I have problems in reshaping data from wide to long format:
- I have no identifier variable for the wide variables.
- My dataset is quite wide. I do have about 7000 variables.
- The number of variables per ID is not constant, so for some IDs I have 5 and for others I have 10 variables.
I was hoping that this Stata FAQ could help me, but unfortunately this does not work properly (see following code snippets).

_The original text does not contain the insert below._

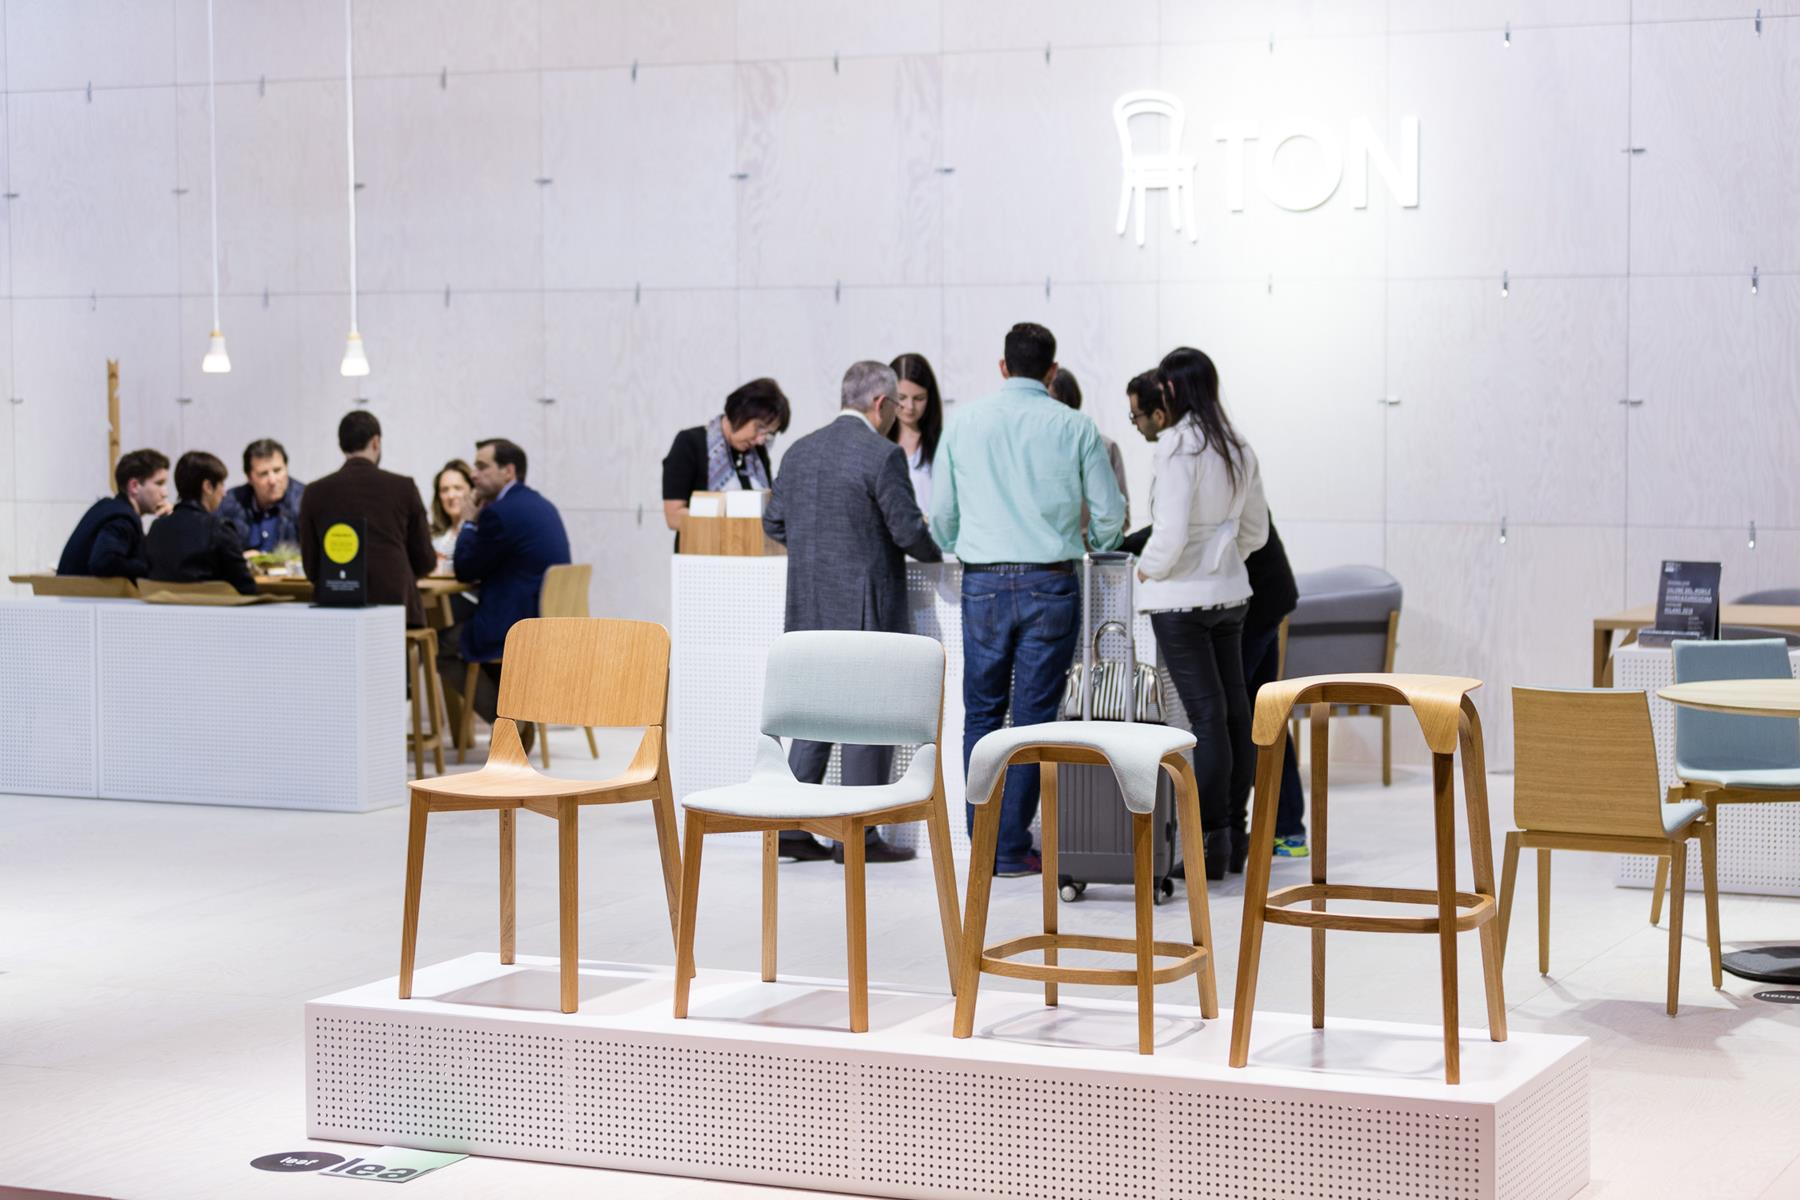 Salone del mobile milano 2016 ton a s idle vyroben for Salone del mobile milano 2016 date

So I do have data that looks like the following example:
clear
input str45 Year
"2010"
"2011"
"2012"
"2014"
end
input str45 A101Meas0010
"1.50"
"1.70"
"1.71"
"1.71"
input str45 A101Meas0020
"50"
"60"
"65"
"64"
input str45 A101Meas0020A
"51"
"62"
"64"
"68"
input str45 FE123Meas0010
"1.60"
"1.75"
"1.92"
"1.94"
input str45 FE123Meas0020
"60"
"72"
"88"
"92"
list
+-------------------------------------------------------------+
| Year A10~0010 A10~0020 A1~0020A FE1~0010 FE1~0020 |
|-------------------------------------------------------------|
1. | 2010 1.50 50 51 1.60 60 |
2. | 2011 1.70 60 62 1.75 72 |
3. | 2012 1.71 65 64 1.92 88 |
4. | 2014 1.71 64 68 1.94 92 |
+-------------------------------------------------------------+
The final table I want to achieve would look something like this:
+--------------------------------------------------+
| Year ID Meas0010 Meas0020 Meas0020A |
|--------------------------------------------------|
1. | 2010 A101 1.50 50 . |
2. | 2010 FE123 1.60 51 60 |
3. | 2011 A101 1.70 60 . |
4. | 2011 FE123 1.75 62 72 |
5. | 2012 A101 1.71 65 . |
6. | 2012 FE123 1.92 64 88 |
7. | 2014 A101 1.71 64 . |
8. | 2014 FE123 1.94 68 92 |
+--------------------------------------------------+
I tried following code snippet close to the example from the Stata FAQ, but this throws an error:
unab vars : *Meas*
local stubs : subinstr local vars "Meas0010" "", all
local stubs : subinstr local stubs "Meas0020" "", all
local stubs : subinstr local stubs "Meas0020A" "", all
reshape long "`stubs'", i(Year) j(Measurement) string
(note: j = Meas0010 Meas0020 Meas0020A)
(note: A101AMeas0010 not found)
variable A101Meas0010 not found
r(111);
Any ideas how to reshape this? I never had to reshape such an odd structure before.
Additional Question: In the example above I did have to specify the Measurement-Names Meas0010
, Meas0020
and Meas0020A
. Is it possible to automate this as well? All measurement names start with the keyword Meas
, so the variable names are always of the structure _ID+Meas
Name, e.g. A101Meas0020A
stands for ID A101
and Measurement Meas0020A
.
The annoying thing is: I do know how to do this in MATLAB, but I am forced to use Stata here.